Monday, March 24, 2014

Using Stock Photos

Just a few tips and short cuts to using stock photos.

Stock photography is great for presenting information to your customers. Stock photography has a number of alternate names including picture libraries, photo archives or image banks. Typically, in order to use these pictures, although publicly available, there is a small fee for usage rights.

You can save time by using stock photography to enhance newsletters, blogs, advertisements and brochures. Using stock photography is obviously less expensive than having a full time photographer on staff.

Sometimes full rights and usage is available for purchase. Other times, full rights are limited. In those cases, photographers might require that they receive a certain percentage of sales and or royalties of usage. Agencies usually hold the images on files and negotiate fees. With technology and easy access that the internet provides, negotiations are generally quick and easy.

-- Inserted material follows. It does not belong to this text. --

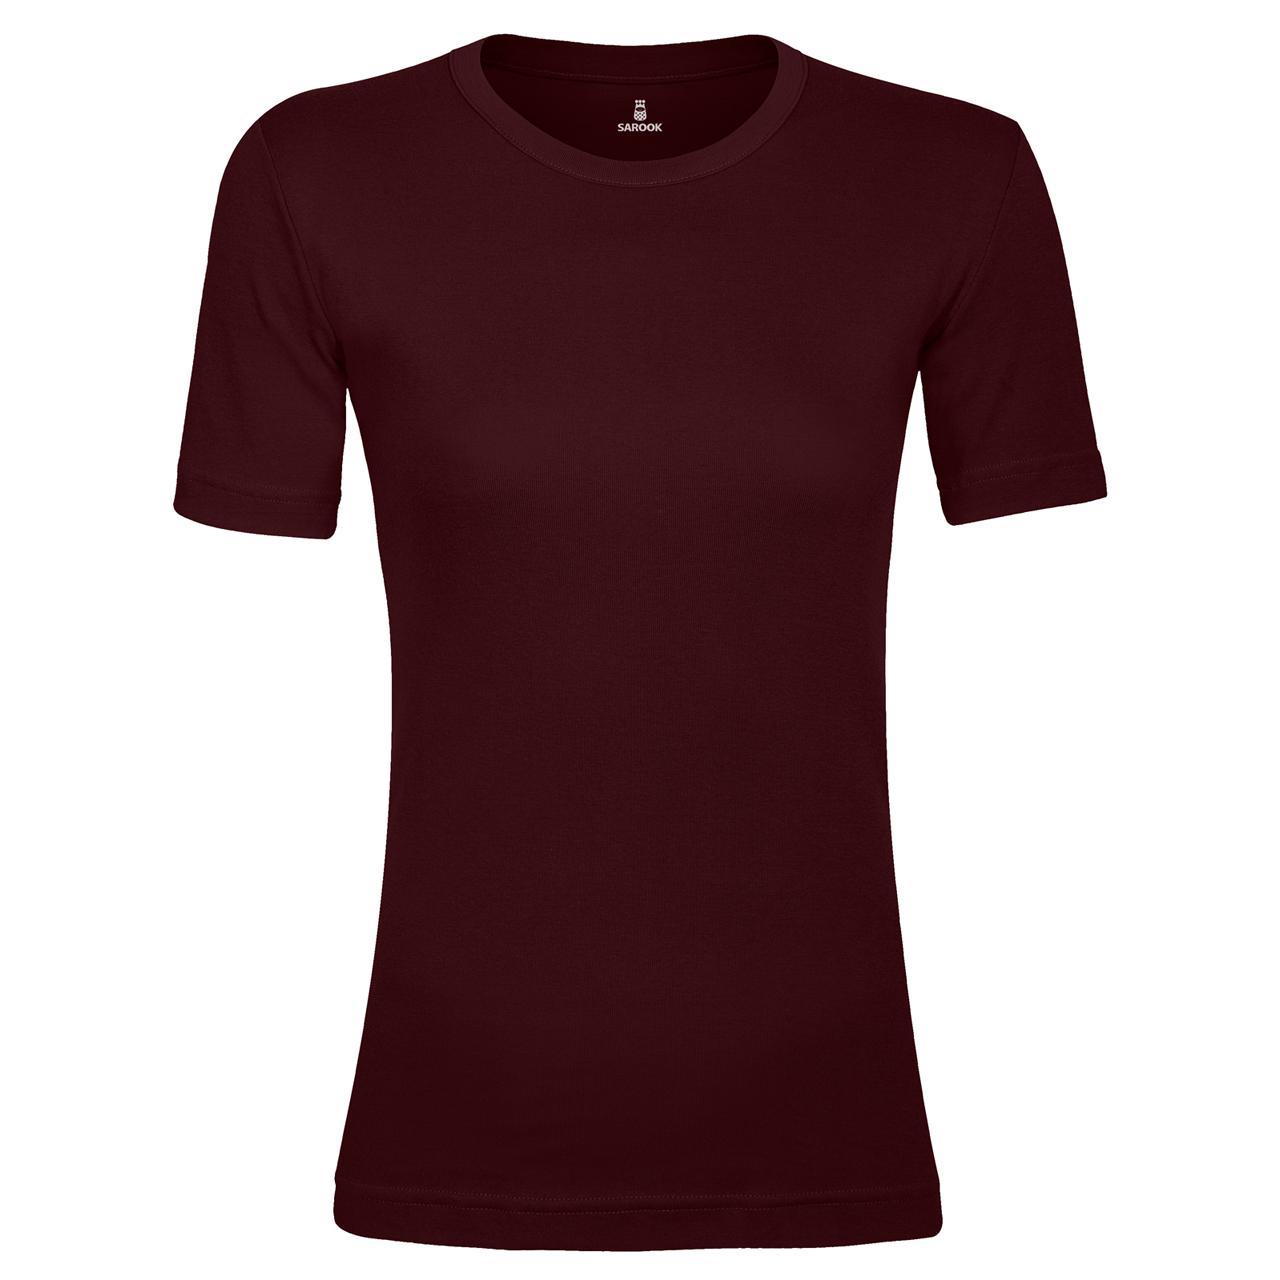 تصویر تی شرت زنانه ساروک مدل U8 رنگ زرشکی

The cost of using stock photos depends on how long the pictures will be used, what location the images will be used, if the original photographer wants royalties and how many people the photo will be distributed to or seen by. Of course, prices for stock photography vary.

There are several different pricing arrangements. Royalty free stock photography allows the buyer to use photographs multiple times in multiple ways. When you buy royalty free pictures, there is only a one-time charge for unlimited usage. When the images you purchase have a royalty free section, the agency is able to resell the image to others. If an image is rights managed, there is a negotiated price for each time that it is used.

Sometimes a buyer of stock photography might desire to have exclusive rights to the images. In that case, no one else will be able to use the pictures once exclusive rights have been purchased. It may cost thousands of dollars to purchase exclusive rights because agencies who handle the sales have to make sure that they are making a profitable sale. If a photograph would make more money staying in circulation, they would lose out selling exclusive rights.

Stock photographers sometimes work with agencies producing images for them alone. Different subjects and categories might need multiple varieties of images. Sometimes contributors work for multiple agencies selling their photographs for a fee. They work out arrangements for royalties or they sell their shots for full rights. This has proved to be a big business for photographers around the world.

Stock photography started in the early 1920s. It especially grew as its own specialty by the 1980s. Galleries hold hundreds, thousands and even millions of pictures available for purchase. Stock houses sprung up in many different places. By 2000, online stock photography became microstock photography, which we call photo archives online. Companies like istock photo and bigstock photo offer you the opportunity to purchase so many pictures and when you use them up you can add more credits for another fee. Photos that are distributed online are typically less expensive than those that are sold hard copy.

Though I appreciate and enjoy the arts, finances do not allow a budget for professional photography so I use photos that I have taken with my cell phone.  These photos are mine and I do not need permissions to use them.  Google's Picasa allows me to place a watermark on my photos before I share them.  
As a small business owner I find using my cell phone photos and placing the watermark on them to be the easiest and most economical way to have photos readily available for use.  If you happen to have the opportunity to do so, please support the many fantastic photographers that have made their photos available.